The coercion test provides that, “at a minimum … government may not coerce anyone to support or participate in religion or its exercise, or otherwise act in a way which ‘establishes a [state] religion or religious faith, or tends to do so.’ ” Id., at 586 (quoting Lynch, supra, at 678). Any coercion that persuades an onlooker to participate in an act of ceremonial deism is inconsequential, as an Establishment Clause matter, because such acts are simply not religious in character. As a result, symbolic references to religion that qualify as instances of ceremonial deism will pass the coercion test as well as the endorsement test. This is not to say, however, that government could overtly coerce a person to participate in an act of ceremonial deism. Our cardinal freedom is one of belief; leaders in this Nation cannot force us to proclaim our allegiance to any creed, whether it be religious, philosophic, or political. That principle found eloquent expression in a case involving the Pledge itself, even before it contained the words to which respondent now objects. See West Virginia Bd. of Ed. v. Barnette, 319 U. S. 624, 642 (1943) (Jackson, J.).
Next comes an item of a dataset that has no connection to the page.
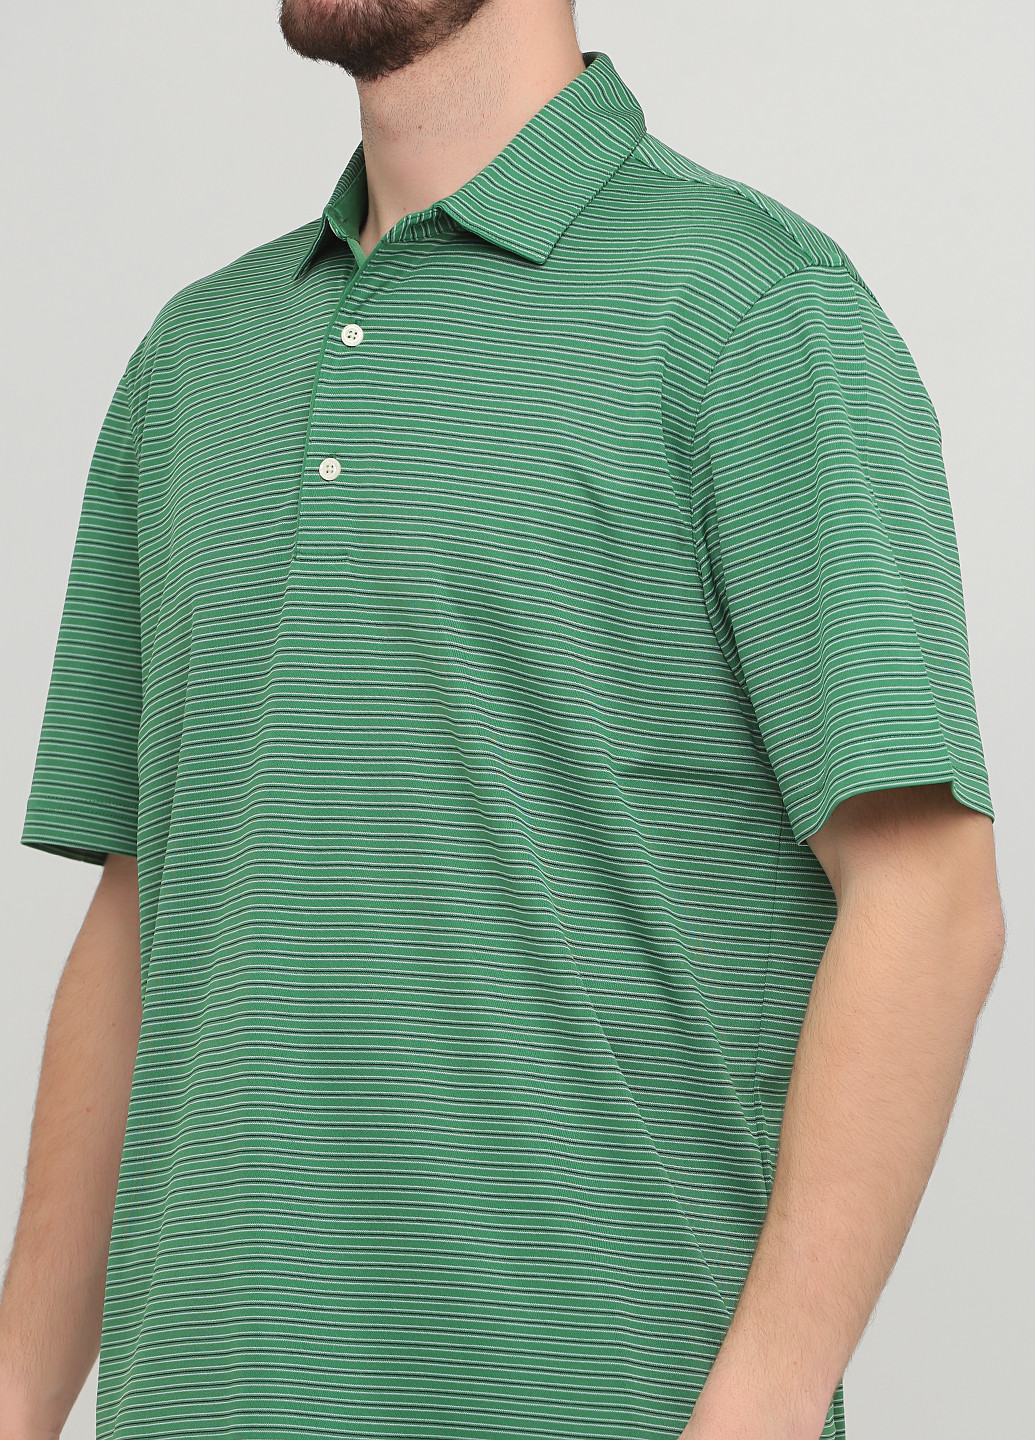 Зеленая футболка-поло для мужчин Greg Norman в полоску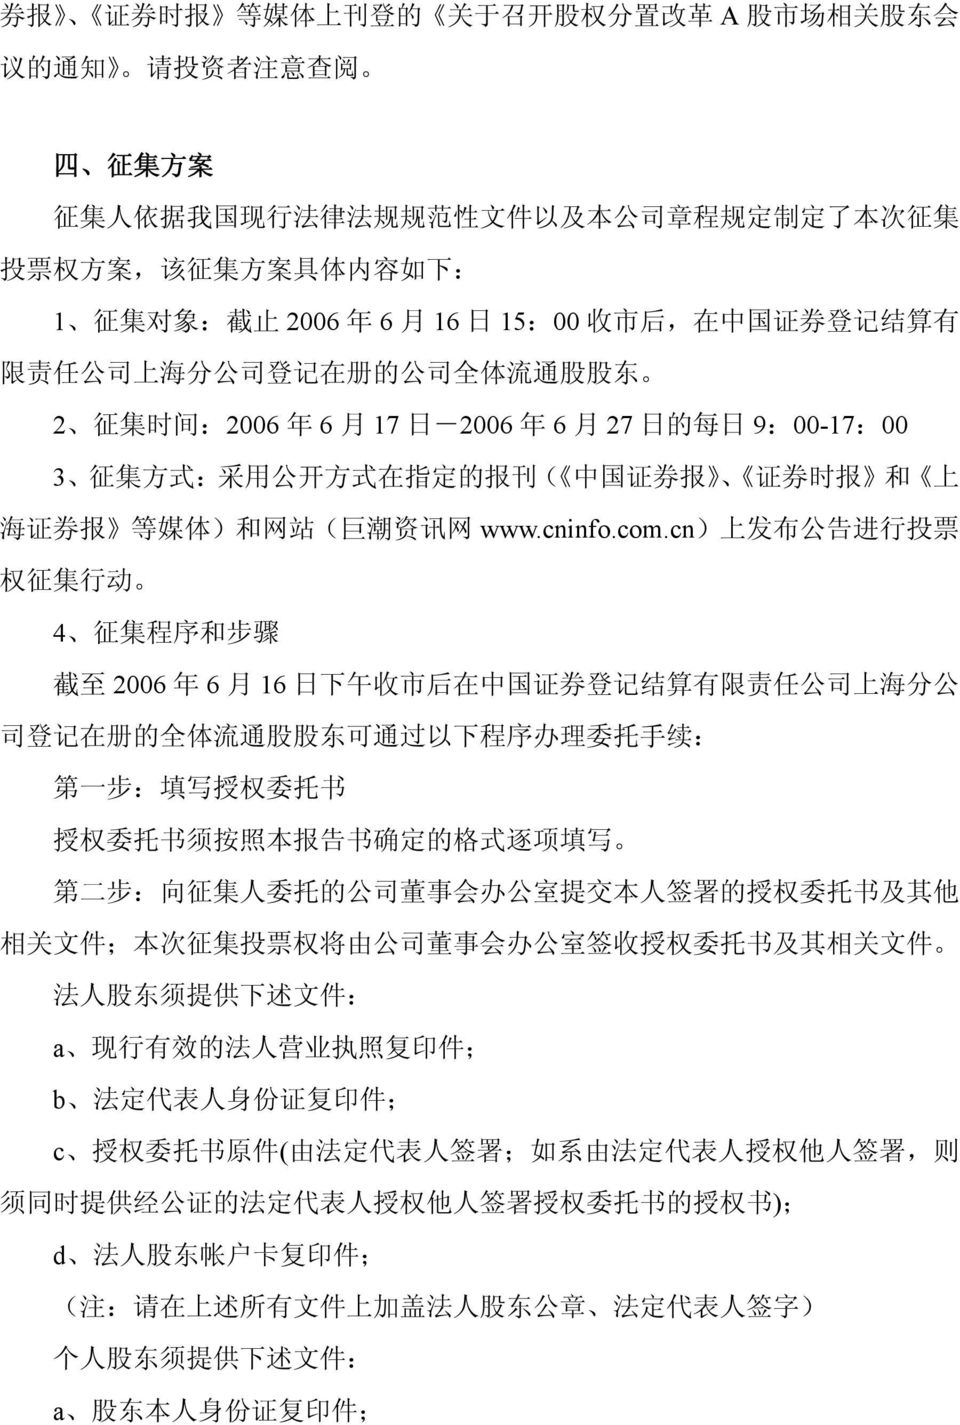 在 指 定 的 报 刊 ( 中 国 证 券 报 证 券 时 报 和 上 海 证 券 报 等 媒 体 ) 和 网 站 ( 巨 潮 资 讯 网 www.cninfo.com.

The compulsion of which Justice Jackson was concerned, however, was of the direct sort—the Constitution does not guarantee citizens a right entirely to avoid ideas with which they disagree. It would betray its own principles if it did; no robust democracy insulates its citizens from views that they might find novel or even inflammatory.
* * *
Michael Newdow’s challenge to petitioner school district’s policy is a well-intentioned one, but his distaste for the reference to “one Nation under God,” however sincere, cannot be the yardstick of our Establishment Clause inquiry. Certain ceremonial references to God and religion in our Nation are the inevitable consequence of the religious history that gave birth to our founding principles of liberty. It would be ironic indeed if this Court were to wield our constitutional commitment to religious freedom so as to sever our ties to the traditions developed to honor it.
* Note, for example, the following state mottoes: Arizona (“God Enriches”); Colorado (“Nothing without Providence”); Connecticut (“He Who Transplanted Still Sustains”); Florida (“In God We Trust”); Ohio (“With God, All Things Are Possible”); and South Dakota (“Under God the People Rule”). Arizona, Colorado, and Florida have placed their mottoes on their state seals, and the mottoes of Connecticut and South Dakota appear on the flags of those States as well. Georgia’s newly-redesigned flag includes the motto “In God We Trust.” The oaths of judicial office, citizenship, and military and civil service all end with the (optional) phrase “[S]o help me God.” See 28 U. S. C. §453; 5 U. S. C. §3331; 10 U. S. C. §502; 8 CF R §337.1. Many of our patriotic songs contain overt or implicit references to the divine, among them: “America” (“Protect us by thy might, great God our King”); “America the Beautiful” (“God shed his grace on thee”); and “God bless America.”